- **WHAT TO WORK ON**: When you retype the data, keep every word exactly and include none of the pictures.

- **SUPPLIED DATA**:
+-------+

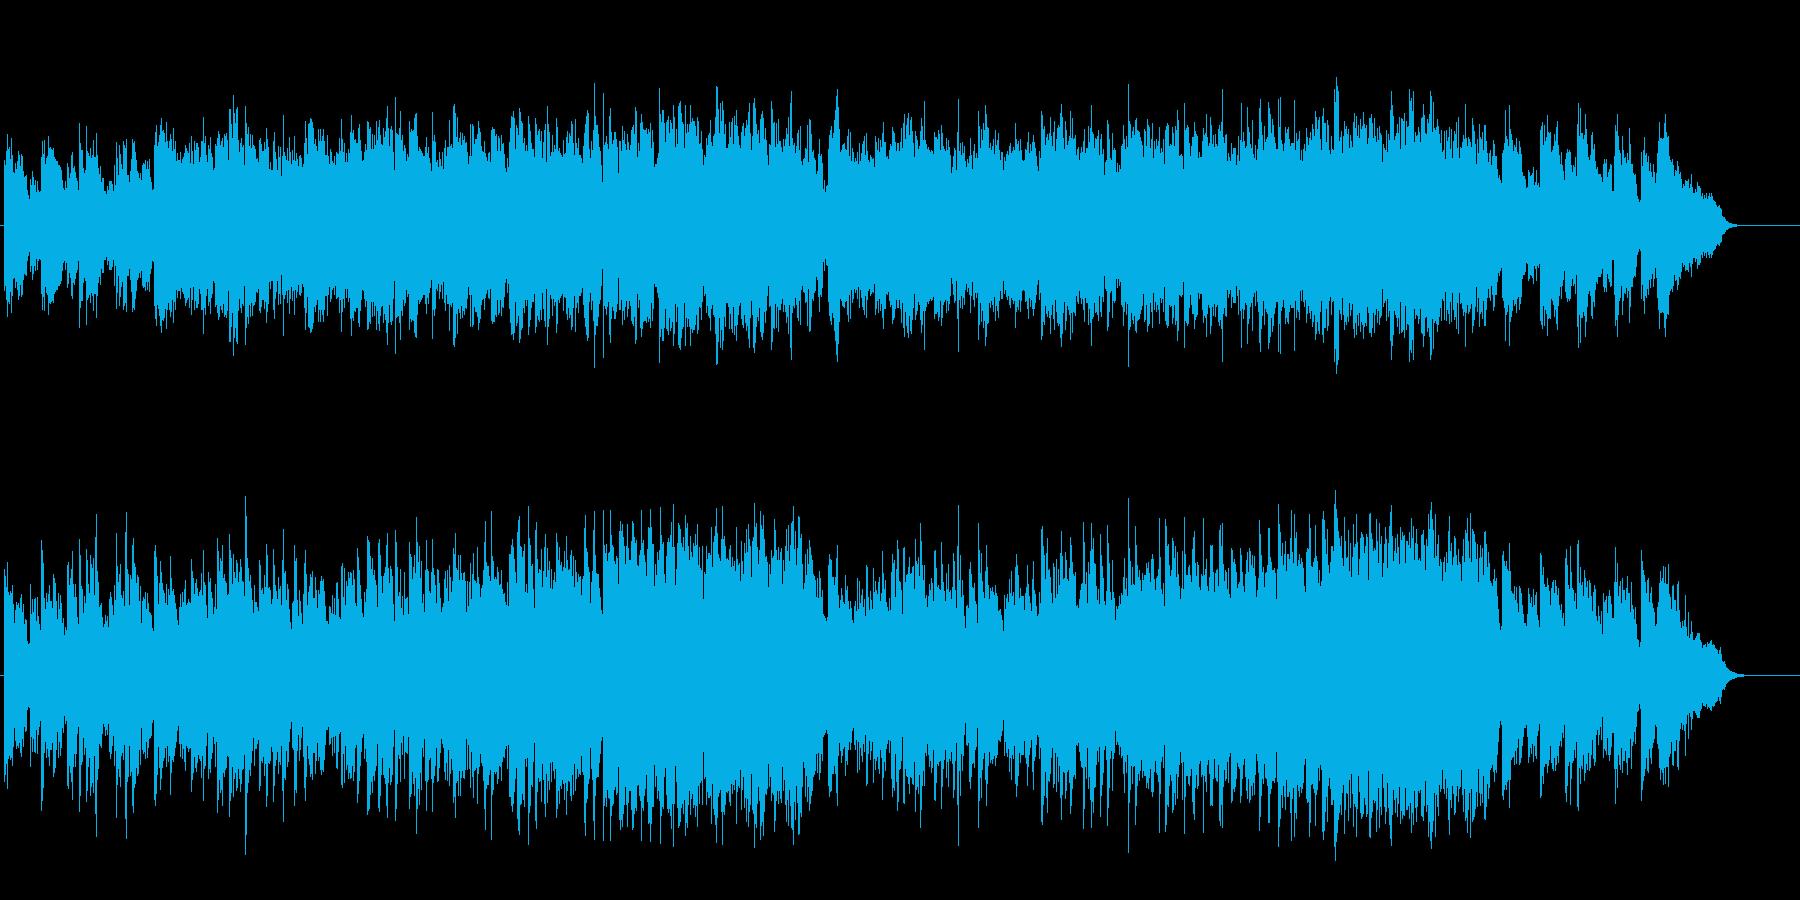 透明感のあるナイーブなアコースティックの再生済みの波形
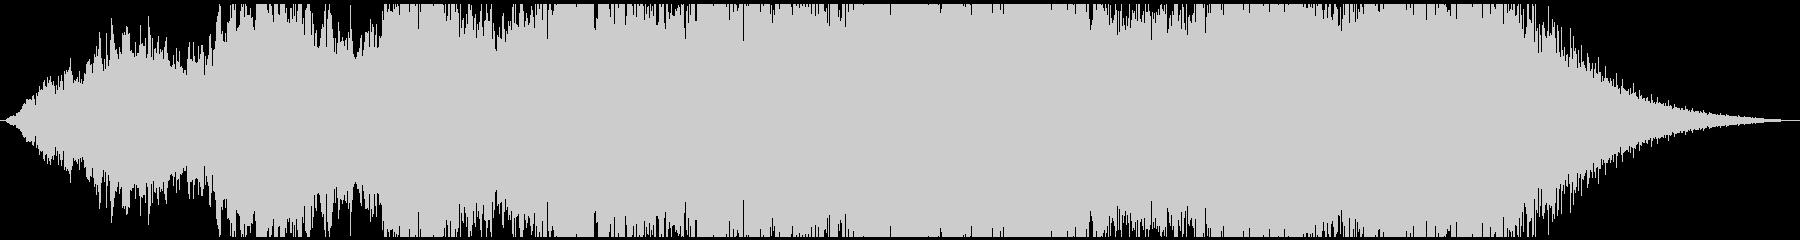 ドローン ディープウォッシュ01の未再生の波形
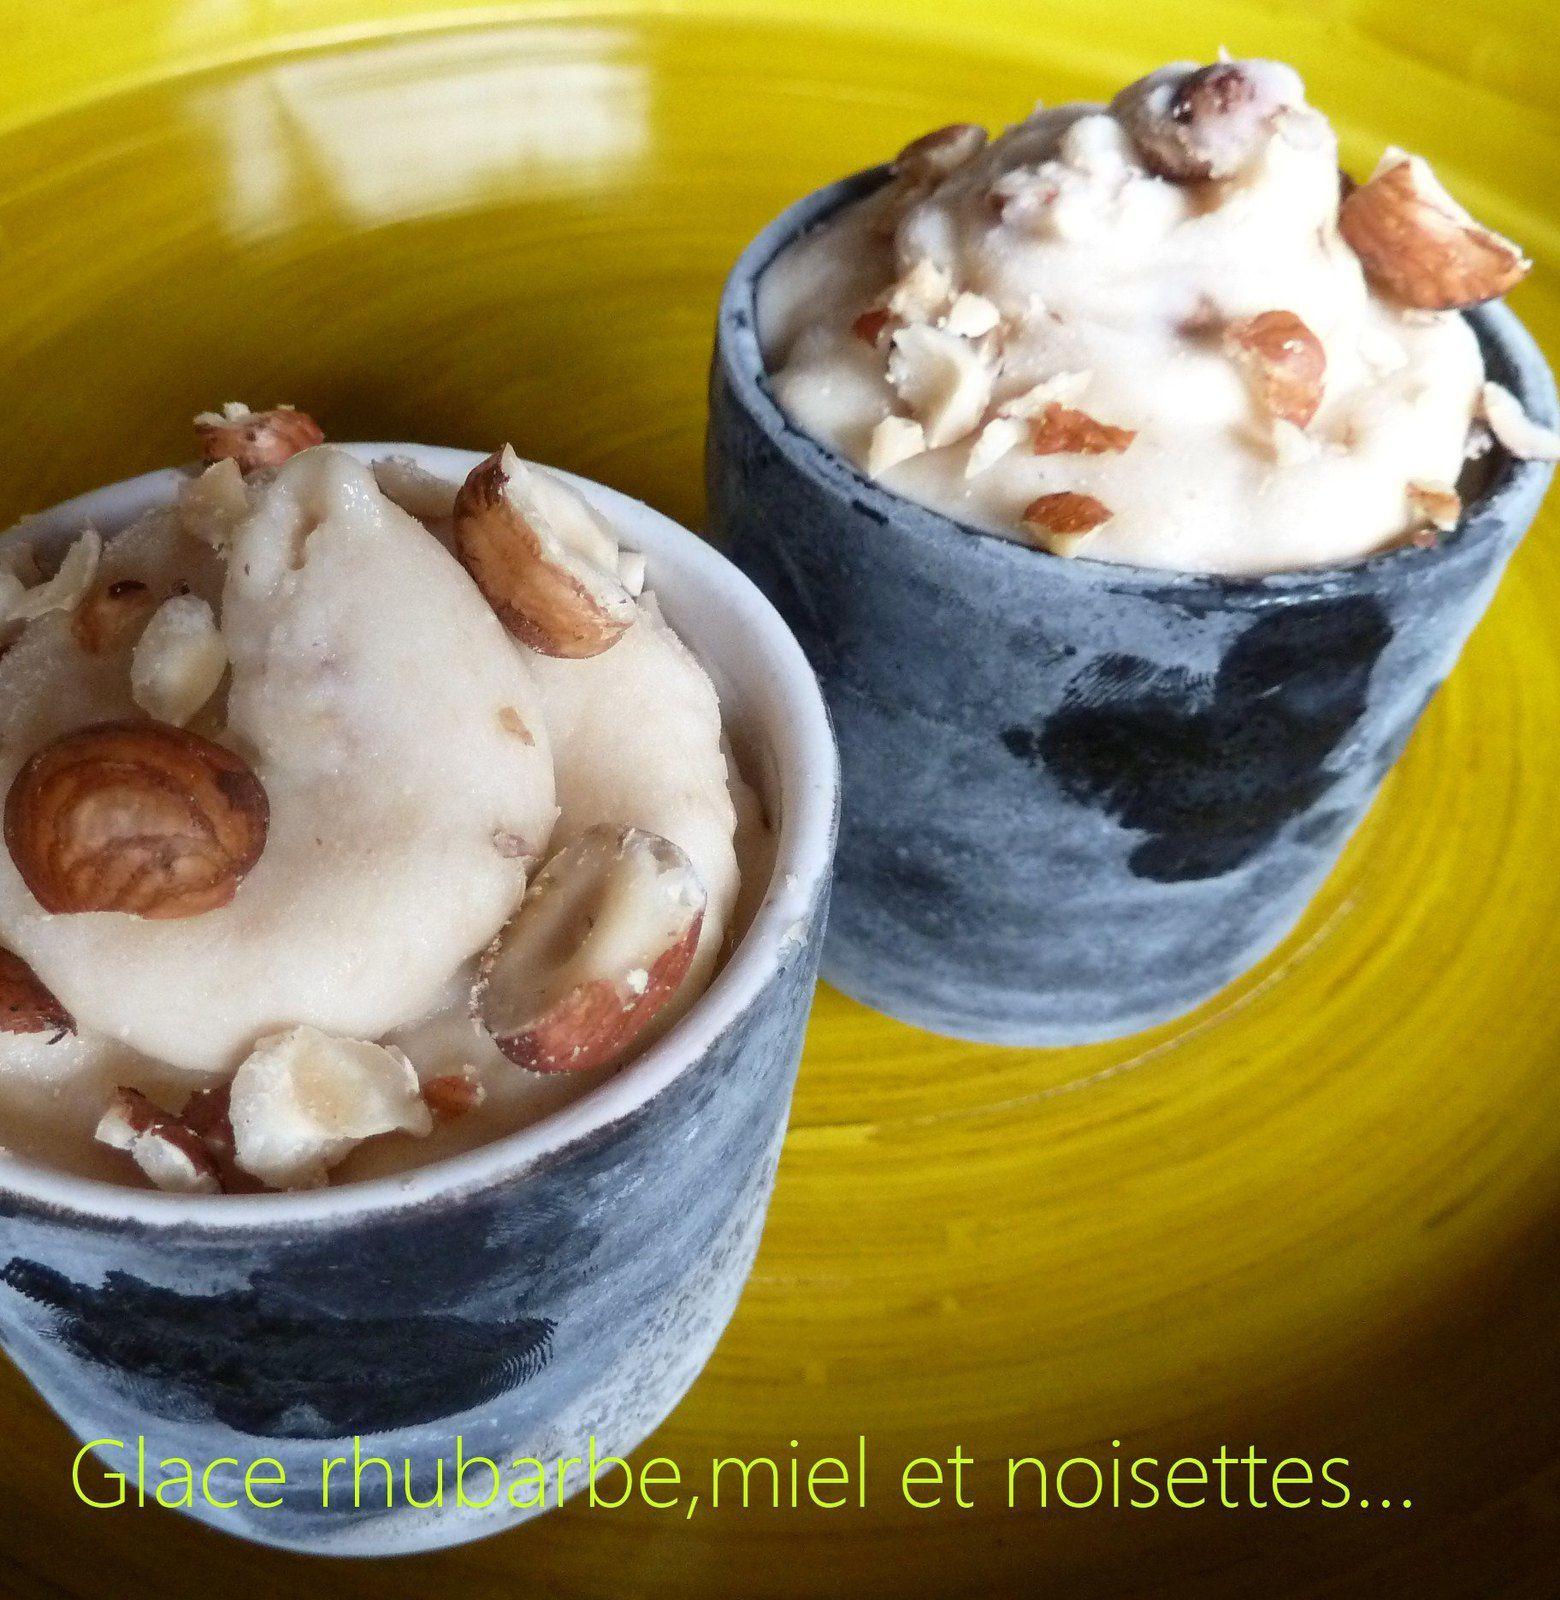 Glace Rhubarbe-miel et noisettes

+-------+

- **YOUR RESPONSE**:
 透明感のあるナイーブなアコースティックの再生済みの波形
 ドローン ディープウォッシュ01の未再生の波形
 Glace Rhubarbe-miel et noisettes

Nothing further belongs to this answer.